同時に二人の姿は気泡となりエクスカリバーの中へ吸い込まれた。
エクスカリバーはその場から東へと一筋の光の線を描いて消え去り、同時に映像も消え去った。
周囲には元の地下の世界が広がっていたのである。
イサミは己が旧世界で消え去った後にそんなことがあったとは知らず驚いた表情でアーサーを見た。
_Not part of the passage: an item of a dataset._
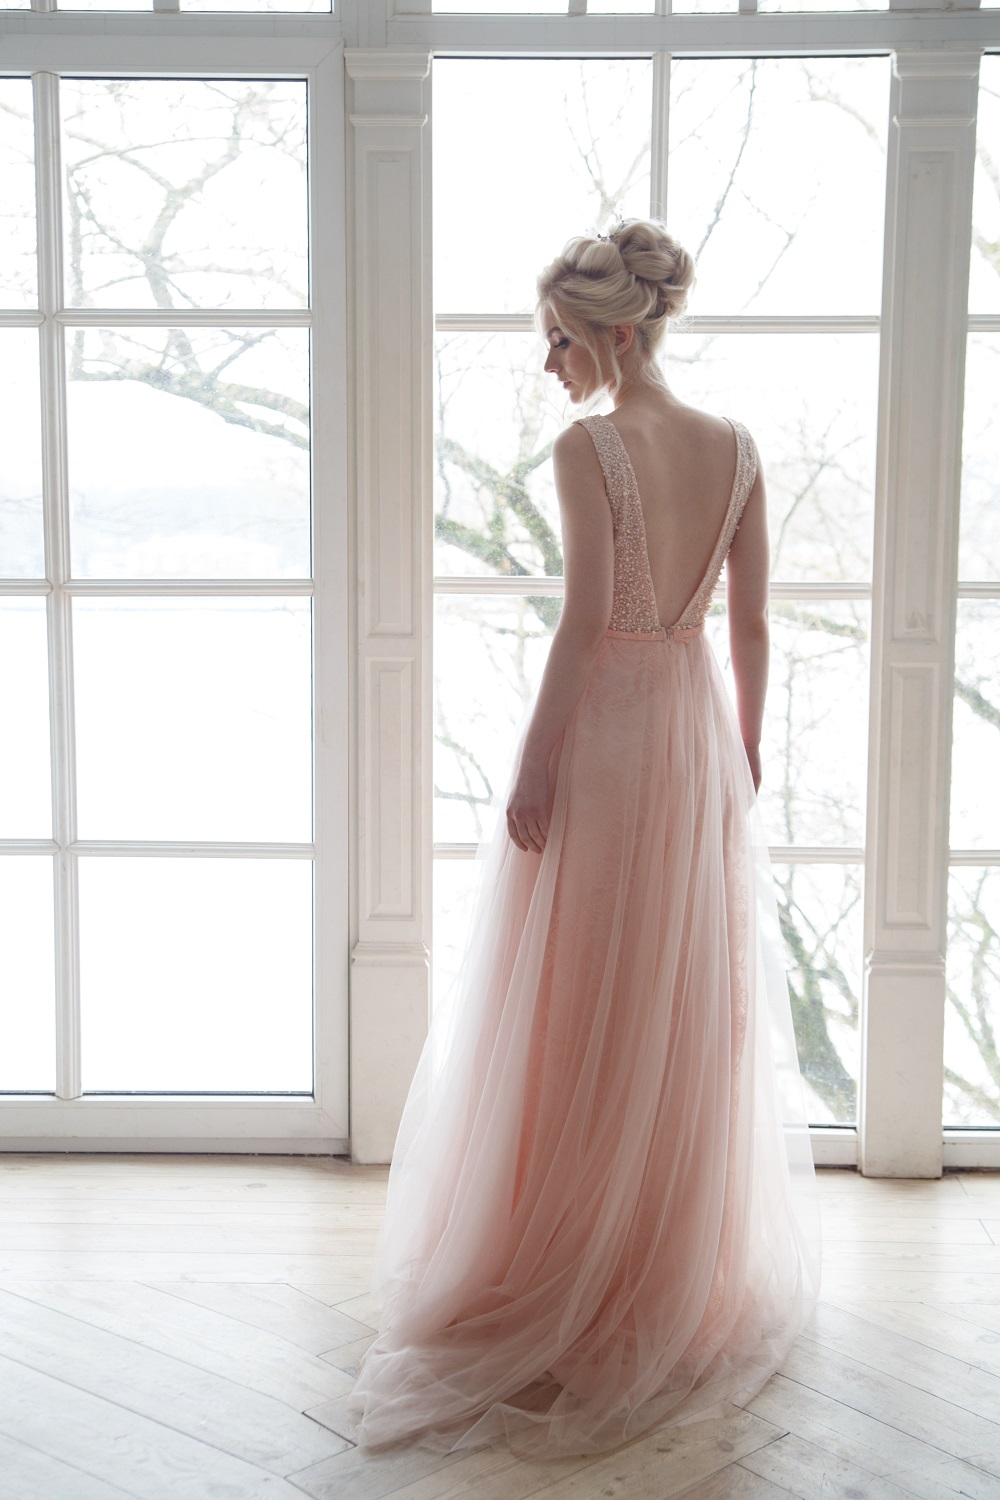 Różowa suknia ślubna. Panna młoda w delikatnej, różowej sukni ślubnej.

ルーシェルもラルフも魔王も誰もがアーサーを見つめたのである。
恐らくあのエクスカリバーは今アーサーの手にあるエクスカリバーなのだろう。
だとすれば。
イサミは驚いているアーサーを見つめると笑みを浮かべた。
「ありがとう、アーサー」
ずっと。
ずっと。
側にいてくれたのだ。
だけど。
「なおくんはなおくんだし、アーサーはアーサーだよ」
…また冒険を楽しもうね…
言い、空を見上げると
「僕もなおくんと冒険出来て嬉しかったよ」
ありがとう
「それから…」
と『さようなら』と心で告げて、涙を頬に伝わらせながら目を閉じた。
アーサーはイサミの言葉に静かに笑むと
「ありがとう」
イサミ
「俺は、俺だ」
ただ
「俺も…イサミを守りながら一緒に旅を続けていく」
ずっとな
と手を強く握りしめた。
ルーシェルもふっと笑い
「よし、暫くは魔王宮の立て直しをしねぇとな」
イサミにアーサー
「助かった」
この礼は必ず返させてもらう
と言い中の国に送るように告げた。
二人は同時に
「「じゃあ、泉の傍の小屋に」」
と言い笑った。
ラルフはそれに
「言い忘れていたが、あの壊れた小屋は今回の借りがあったので我が部下に修繕させている」
と言い
「コーリコスのことも近いうちに知らせる」
と告げた。
そして、二人は頷き魔王に挨拶をするとルーシェルに転送されて泉の小屋へと戻ったのである。
ただ。
魔王は笑顔で二人を見送ったもののルーシェルが戻るとラルフに
「今回のこと感謝する」
その礼もあるが
「急ぎ天王と会見をしたいとおもう」
と告げた。
「一つ、気になることがある」
ルーシェルお前にも同席してもらう
「恐らくラルフ殿貴方も立ち会うことになるだろう」
それにルーシェルとラルフは顔を見合わせた。
数日後、魔王は魔王宮の修繕の場を一時離れて天王と会見したのである。
その場にやはりルーシェルとラルフが同席し魔王の言葉に息を飲みこんだ。
『我々は大いなる勘違いをしていたのではないと思われる』
そう言う言葉で始まった内容はある意味においてラルフやルーシェルに一つ納得させるものがあった。
ラルフは目を細めると
「やはりな」
と呟いた。
ルーシェルもまた
「確かにこの戦いの小康状態の理由を考えれば…な」
と呟いた。
魔王はルーシェルとみると
「お前が勤めろ」
と告げた。
「あの二人もお前なら疑わずに受け入れるだろう」
それに天王はラルフを見ると
「確かに」
ラルフ
「こちらの見張り番としてお前がするように」
と告げた。
ラルフもルーシェルも同時に頷いた。
イサミとアーサーは動き出した事態を知らず新しくなった小屋で久しぶりに穏やかな夜を迎えていたのである。
夜の闇が広がり、穏やかな風が緑の木々を揺らした。
イサミはアーサーが作った料理を前に
「綺麗に修繕されていて…凄いね」
後は術で封印するようにすれば
「大丈夫だね」
と笑った。
アーサーも席に座り
「そうだな」
あの神族も洒落たことするな
と言い
「じゃあ、食事しようか」
と笑いかけた。
二人は食事をし、これからの冒険のことに思いを馳せた。
その翌日、コーリコスの情報を持ってラルフとルーシェルが姿を見せたのである。
二人は小屋を見回し
「「これからよろしくたのむ」ぜ」
と告げた。
イサミとアーサーはどうじに「「は?」」と首を傾げ、4人の生活が始まるのであった。